The Bank audit team also held regular telephone meetings with the regional and local auditors at all the regional locations and the majority of those other locations that were not physically visited. In addition, regional audit teams visited locations of key components within their regions.

Our separate opinion in relation to IFRSs as issued by the International Accounting Standards Board (IASB) is unmodified
As explained in Note 1(a) on the Bank financial statements, in addition to complying with its legal obligation to apply IFRSs as issued by the IASB.
In our opinion, the Bank financial statements comply with IFRSs as issued by the IASB.

Our opinion on other matters prescribed by the Companies Act XXXX is unmodified
In our opinion:

  • the part of the Directors’ Remuneration Report to be audited has been properly prepared in accordance with the Companies Act XXXX; and
  • the information given in the Strategic Report and Directors’ Report for the financial year for which the financial statements are prepared is consistent with the financial statements.

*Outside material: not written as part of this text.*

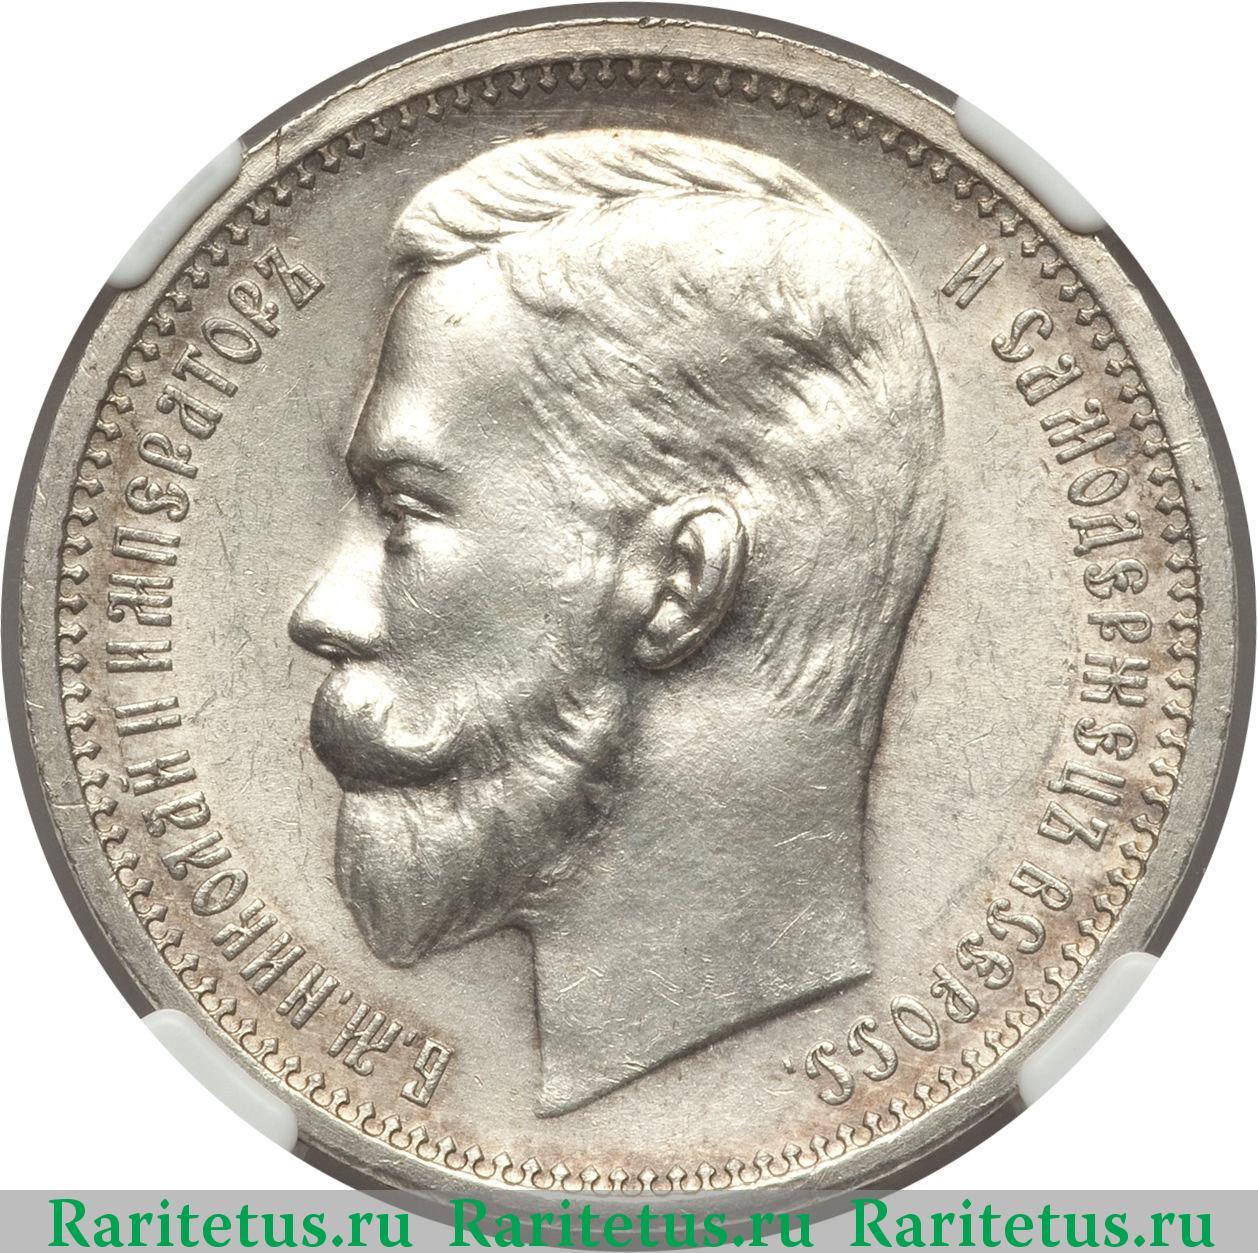 Монета рубль 1913 года цена монеты рубли олимпиада 80

We have nothing to report in respect of matters on which we are required to report by exception
Under ISAs we are required to report to you if, based on the knowledge we acquired during our audit, we have identified other information in the annual report that contains a material inconsistency with either that knowledge or the financial statements, a material misstatement of fact, or that is otherwise misleading.
In particular, we are required to report to you if:

  • we have identified material inconsistencies between the knowledge we acquired during our audit and the directors’ statement that they consider that the annual report and financial statements taken as a whole is fair, balanced and understandable and provides the information necessary for shareholders to assess the Bank’s performance, business model and strategy; or
  • the Corporate Governance section of the Annual Report and Accounts describing the work of the Bank Audit Committee does not appropriately address matters communicated by us to the Bank Audit Committee.

Under the Companies Act XXX we are required to report to you if, in our opinion:

  • adequate accounting records have not been kept by the company, or returns adequate for our audit have not been received from branches not visited by us; or
  • the company financial statements and the part of the Directors’ Remuneration Report to be audited are not in agreement with the accounting records and returns; or
  • certain disclosures of directors’ remuneration specified by law are not made; or
  • we have not received all the information and explanations we require for our audit.
  • the directors’ statement, set out on page 367, in relation to going concern; and
  • the part of the Corporate Governance Statement relating to the company’s compliance with the provisions of the Corporate Governance Code issued by the Security Exchange Commission.

We have nothing to report in respect of the above responsibilities.

Scope of report and responsibilities

As explained more fully in the Directors’ Responsibilities Statement set out on pages 10 and 80, the directors are responsible for the preparation of the financial statements and for being satisfied that they give a true and fair view.
A description of the scope of an audit of financial statements is provided on the Financial Reporting Council’s website at www.xyz.com.